As always, match data from Stats Zone.
There are a fair few of unbelievable statistics in here.
• 39: The most shots in a single match at this World Cup. 25 of those 39 were inside the penalty box.
• 15: The most saves in a World Cup match, by Tim Howard. FIFA has tracked the statistic since 1966, and the previous high was 13.
• 67: The most clearances in a single World Cup match. FIFA has tracked the statistic since 1966.
While Howard's 15 saves were the most impressive statistic, and the main and pretty much only reason this match went to extra time, Belgium's 39 shots seems the most egregious. That's one shot every 3 minutes and 5 seconds. That's indescribably bonkers.
Every single Belgian player except Nacer Chadli – who came on with nine minutes to play, with the USA in search off an unlikely equalizer, after which Belgium didn't take a single shot – took at least two shots and created at least one chance. I've never seen that before. Kevin De Bruyne alone created 10 chances, only five fewer than the Americans took in total. Ten! I've never seen that before either.

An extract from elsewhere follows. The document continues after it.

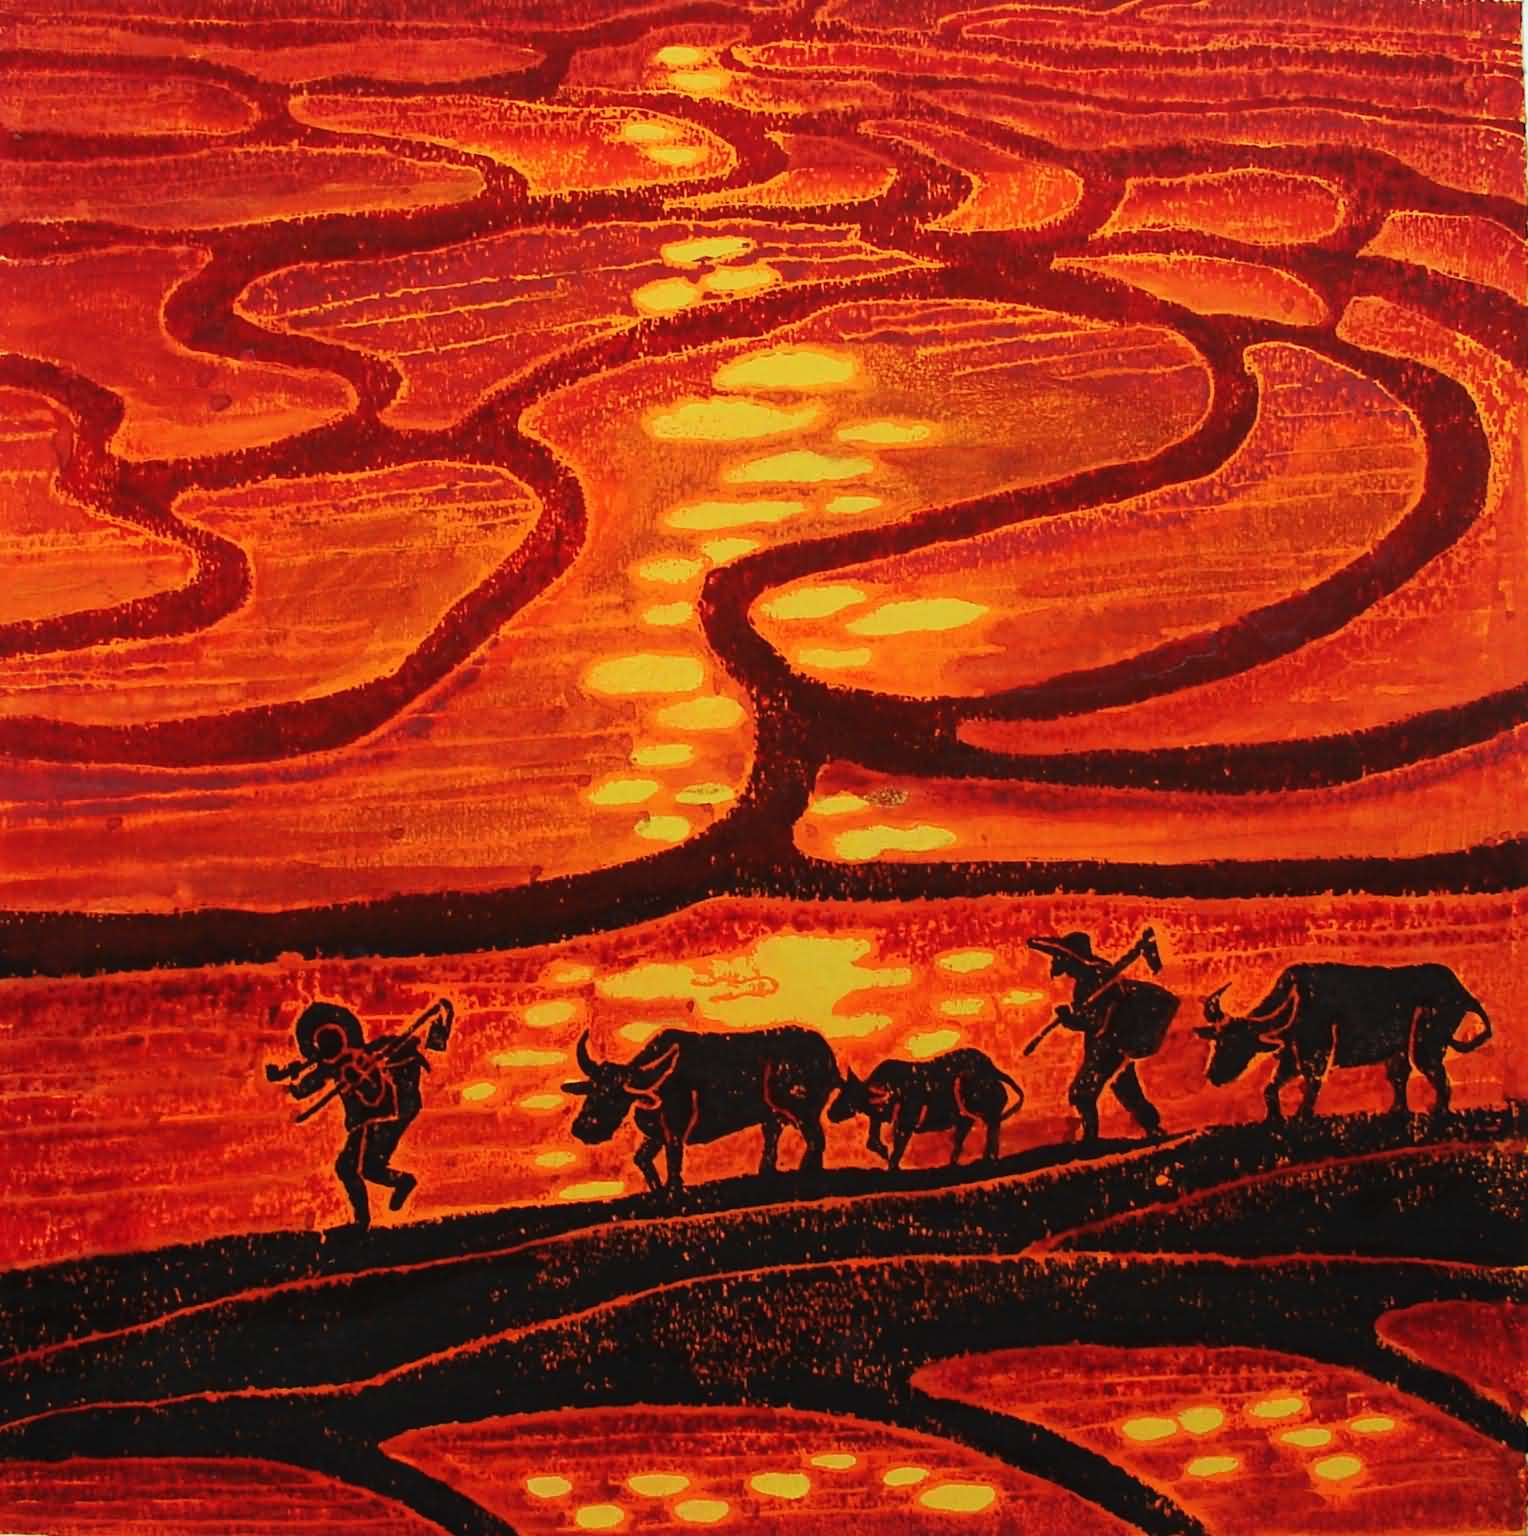 【一线采风】一幅农民画 绘就未来乡村共富图景_荔枝网新闻

The USA didn't allow Belgium the possession that Germany had, but they allowed vastly more shots. Belgium are a very good attacking side, even if they haven't scored prior to the 70th minute in any of their matches. Or, at the least, Belgium have some very, very good attacking players: both as starters and subs. For the fourth consecutive match, Wilmots' changes made the difference: Mirallas contributing much more than Mertens, then Lukaku's pace and strength blowing away tired legs in extra time.
There's more than just one factor involved in Belgium taking so many shots, but my suspicion is Beckerman's absence played a key part. Klinsmann clearly wanted to bring in Cameron for height, to combat Fellaini – who was comparatively quiet for long stretches – but I doubt Kevin De Bruyne has that much space, is allowed to do that much, with Beckerman patrolling in from of the back four.

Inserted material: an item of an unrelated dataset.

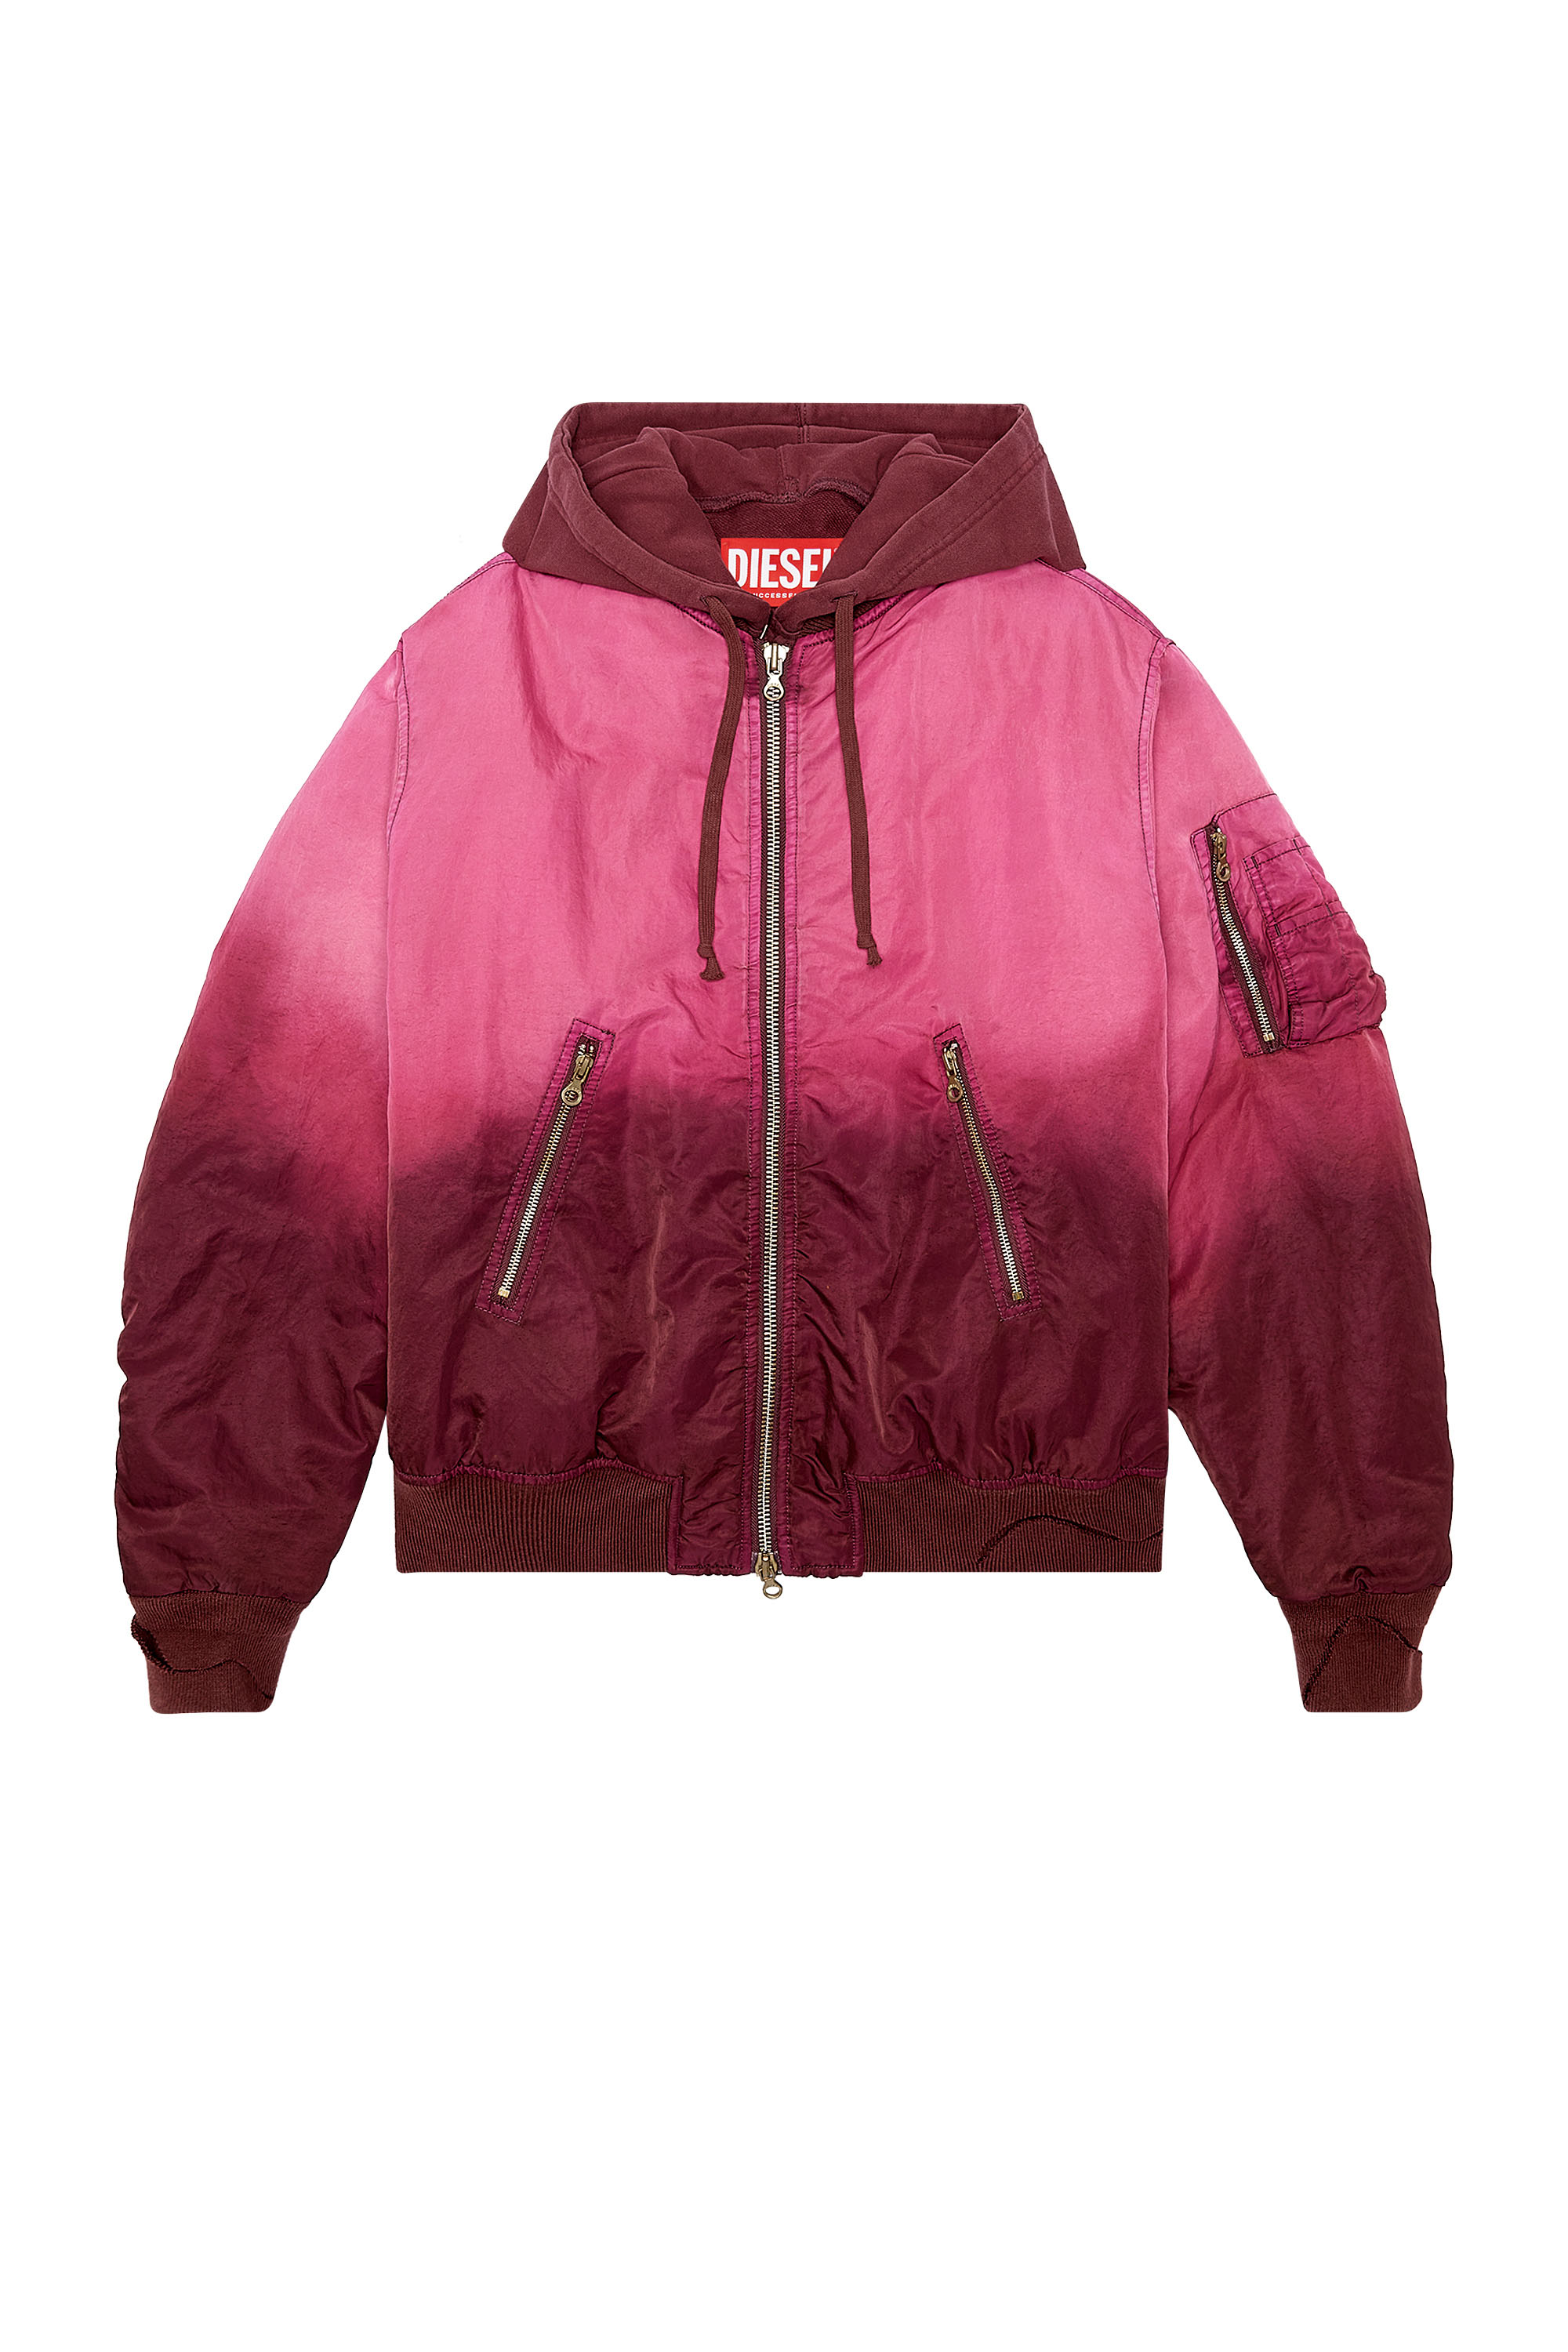 G-KAMILA, Hot pink - Jackets

Or, a change in systems might have helped. If you look at the average position diagrams, it's concerning that Jones, Yedlin, and Zusi were that high up the pitch even though the majority of Belgium's attacking third passes and the vast majority of chances created – mainly through De Bruyne, Hazard, and Vertonghen – came on that side of the pitch, especially the inside left channel. You'd have expected one of the midfielders – probably Jones, but if not, Bradley – to help Cameron in this regard, and you'd expect Yedlin to do more defensive work, even if he (like Fabian Johnson in previous matches) was the main American out-ball in attack. See also: the paucity of tackles on that flank compared to those on the USA left. I may also just be annoyed with Jones (who, yes, had been one of the USA's two best players, along with Howard, in the group stage) for missing the target with all seven (!!!) of his shots: five off-target, two blocked, including three off-target in the danger zone.

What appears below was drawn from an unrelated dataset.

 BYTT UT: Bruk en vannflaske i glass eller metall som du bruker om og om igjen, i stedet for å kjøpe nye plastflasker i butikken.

As against Germany, as against Ghana, the USA defense mainly sat deep, but this time, allowed that insane amount of shots. And you will eventually get punished from that many shots. Portugal and Ghana each took 21, no small amount, but they were from vastly inferior positions compared to Belgium's. Germany, the side who had the most possession against the USA, took the fewest – which was a credit to the USA defense and tactics in that match (and the fact that Germany needed no more than a draw) – but they also put the highest percentage on target.
The Americans had the worst Total Shot Ratio of any side at the World Cup, by some distance. Nota Bene: TSR = Shots For / (Shots For + Shots Against). The USA took 44 shots, but allowed 94, and somehow only conceded six goals. That's a 6.5% conversion ratio. That's miniscule.
Which leads directly to praising Tim Howard, American Hero. I truly hope he got all that out of his system before rejoining Everton next season. 33 of the 94 shots that the USA allowed were on-target: 35.1%. Which is almost exactly average; the group stage average for all teams was 34.9% of all shots put on target. If not for Howard, the USA don't make it out of the GROUP OF DEATH!!!!1!, let alone nearly hold on against Belgium. Tim Howard is also 35 years old, and is by no means certain to be involved in the next World Cup, no matter the longer tenure for goalkeepers.
But despite the frightening statistics, there has been improvement from the USA under Klinsmann. Klinsmann has done well, if not necessarily as a coach, then at least as the technical director, vastly expending the USA's talent pool. Matching the result from the last World Cup, despite a much harder group and less experienced squad, is at least slightly impressive. The majority of this side should still be involved in four years' time.
It seems we've said similar following each of the last three World Cups (except maybe 2006), but there's something to build on here, and the future still looks fairly bright, no matter yesterday's disappointment.